- **TASK REQUIREMENTS**: Leave the pictures out, and repeat exactly every line from the one with "Fireplace Makeover: Planked Wall Tutorial" through the end of the data below.

- **SUPPLIED INFORMATION**:
--------------------
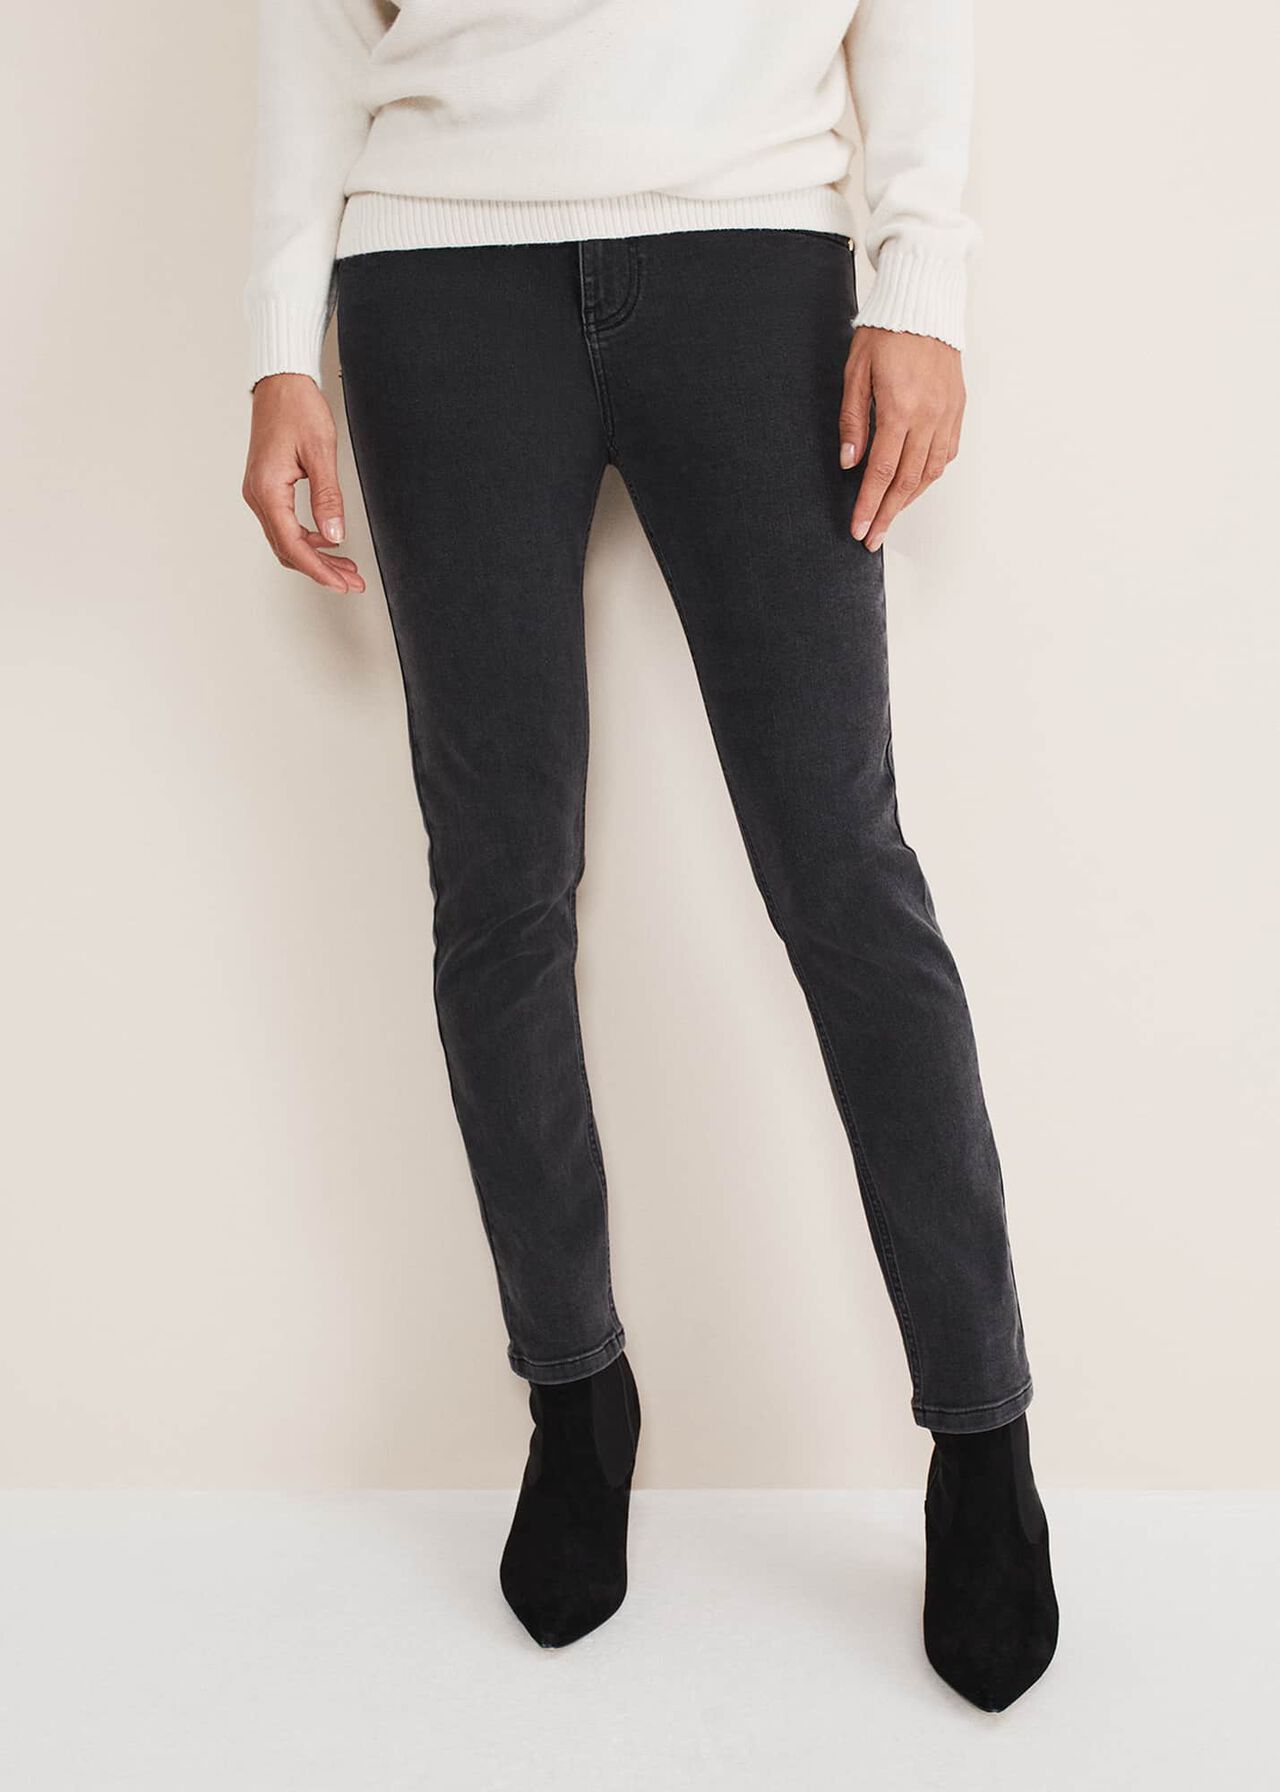 Hailee Topstitch Skinny Jeans | Phase Eight (UK)
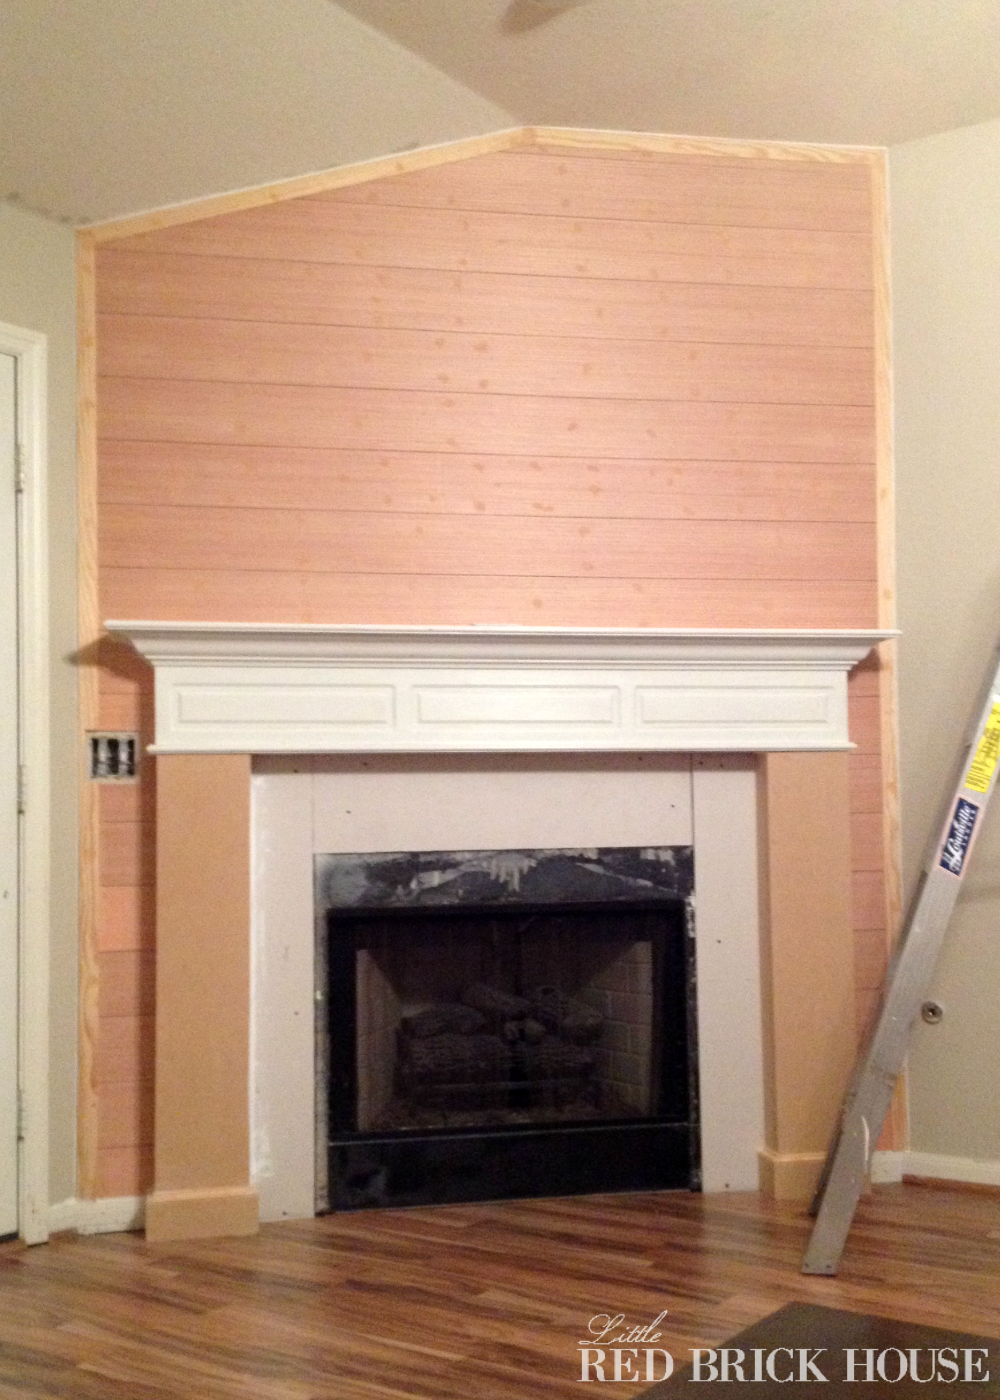 Fireplace Makeover: Planked Wall Tutorial
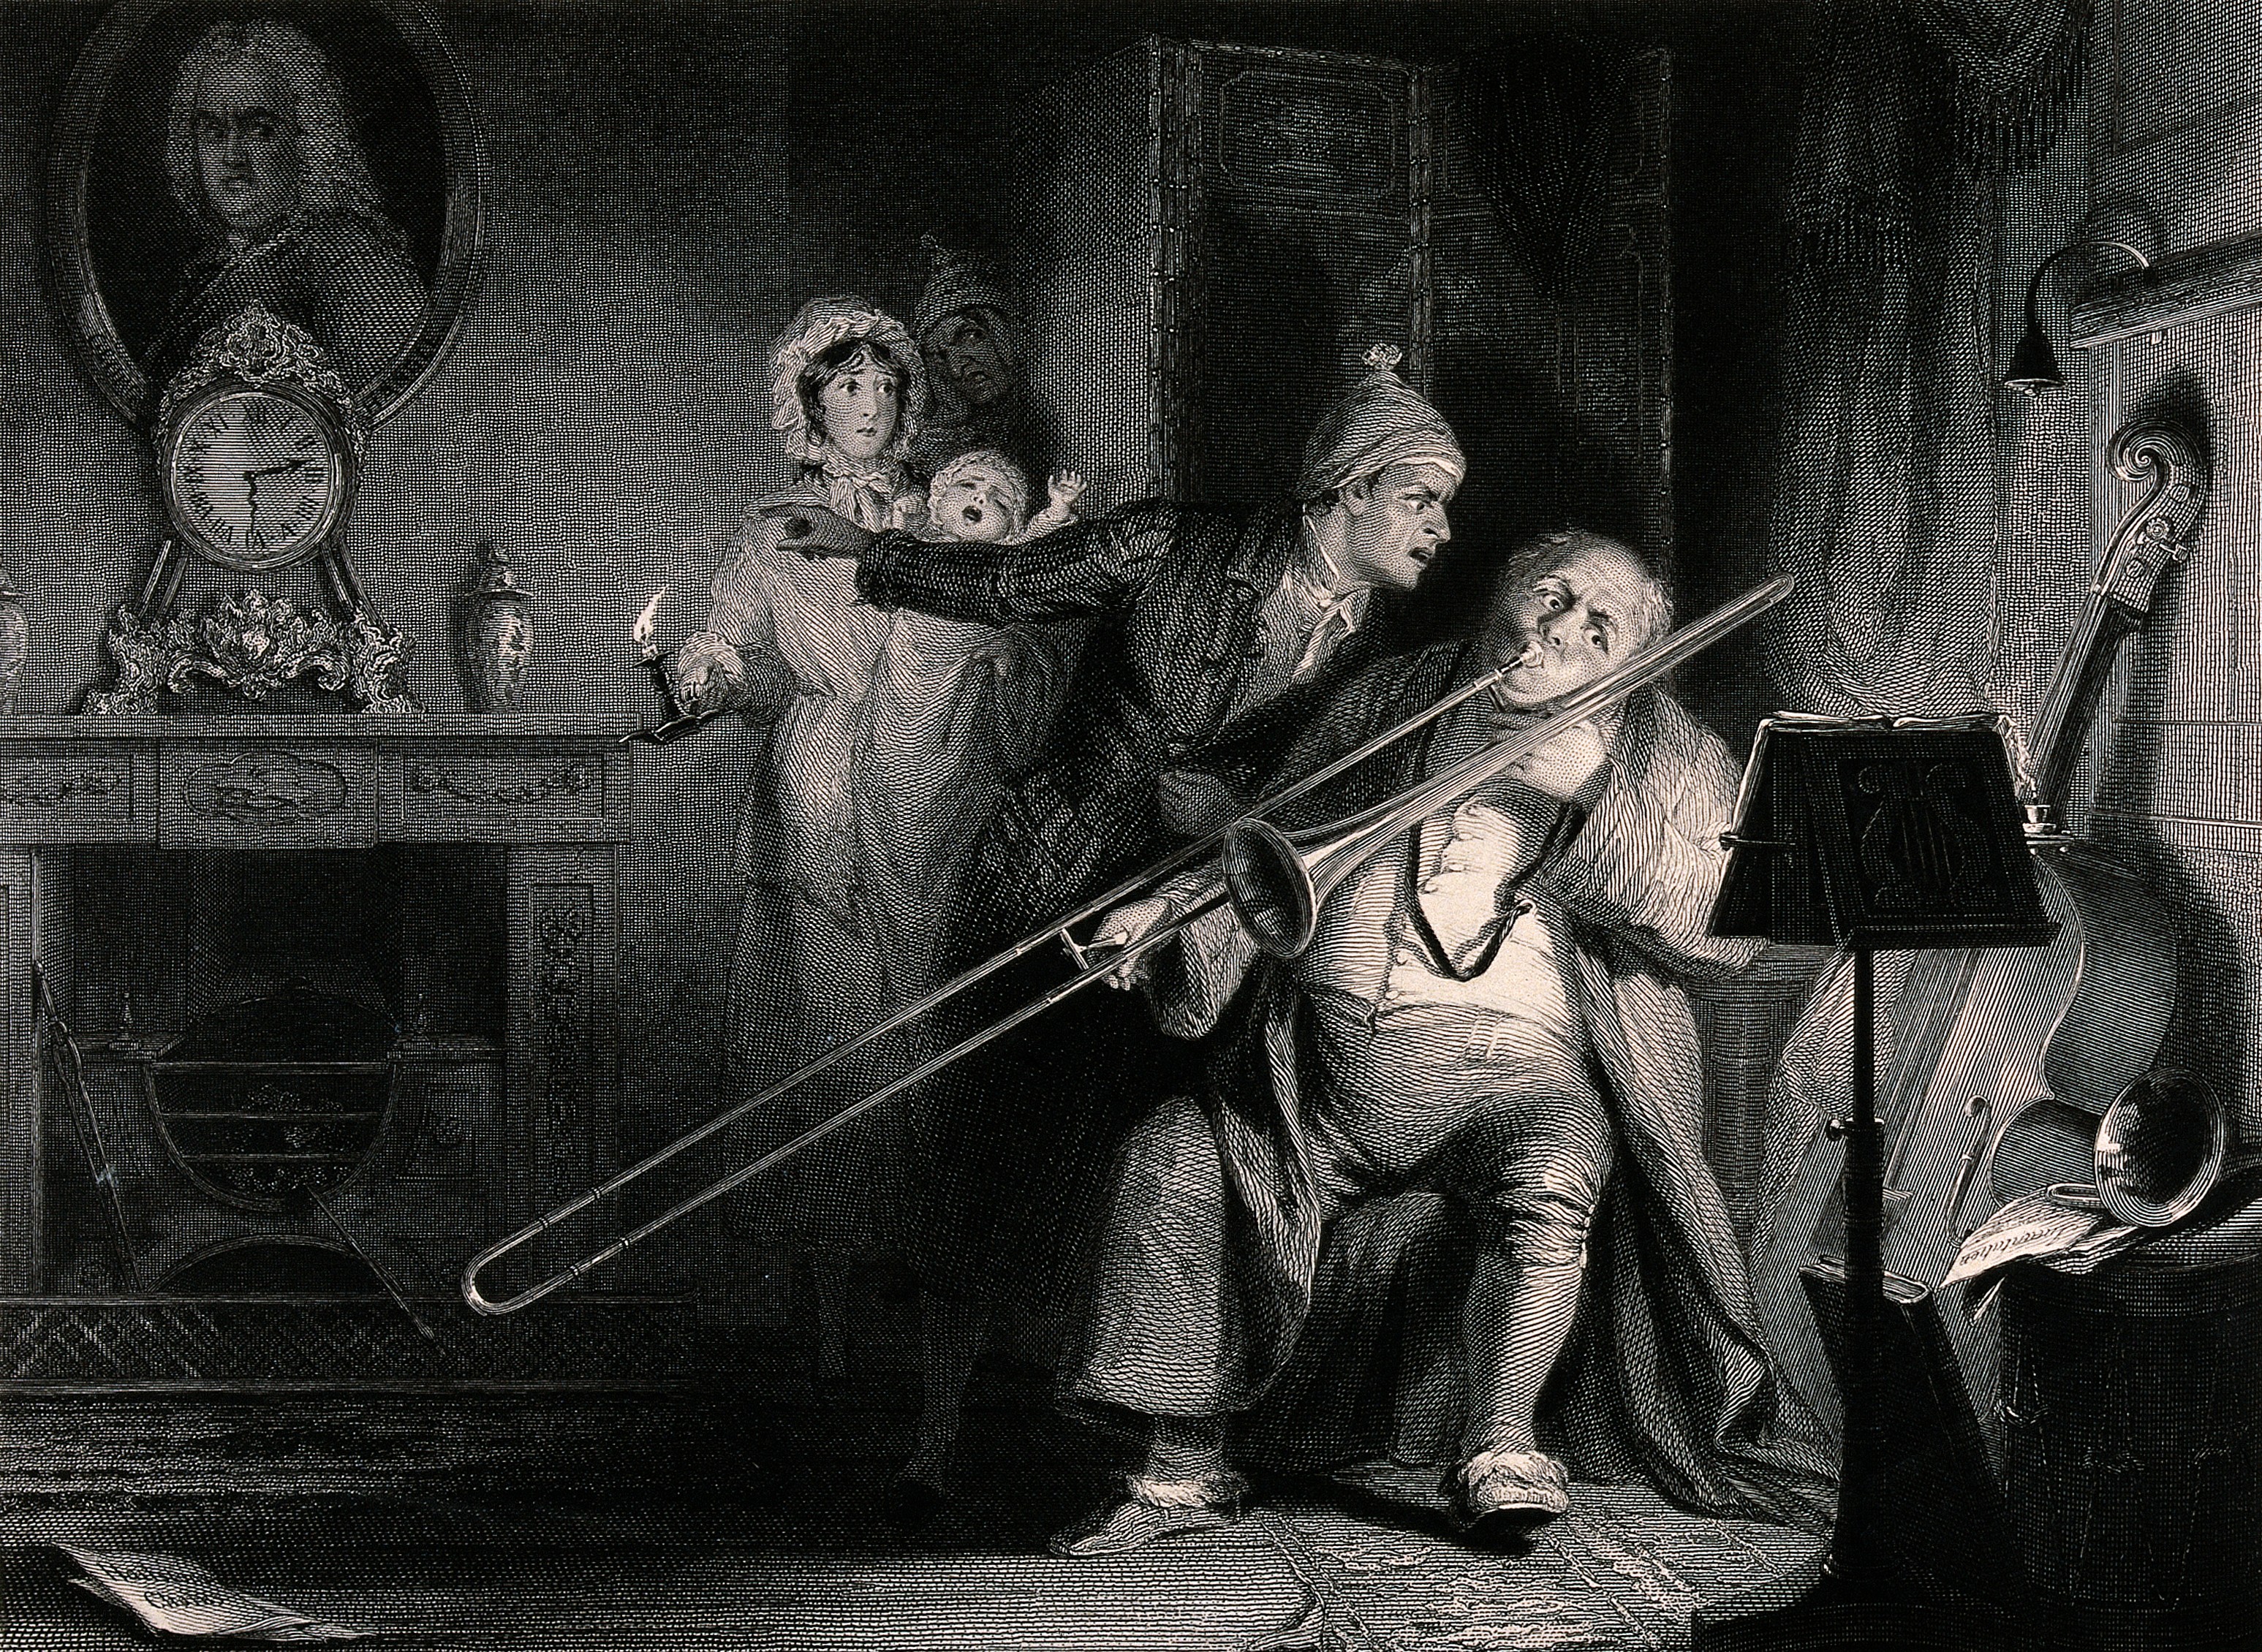 A young man is shouting at a man playing the trombone, for w Wellcome V0040376
--------------------
- **EXPECTED ANSWER**:
 Fireplace Makeover: Planked Wall Tutorial
 A young man is shouting at a man playing the trombone, for w Wellcome V0040376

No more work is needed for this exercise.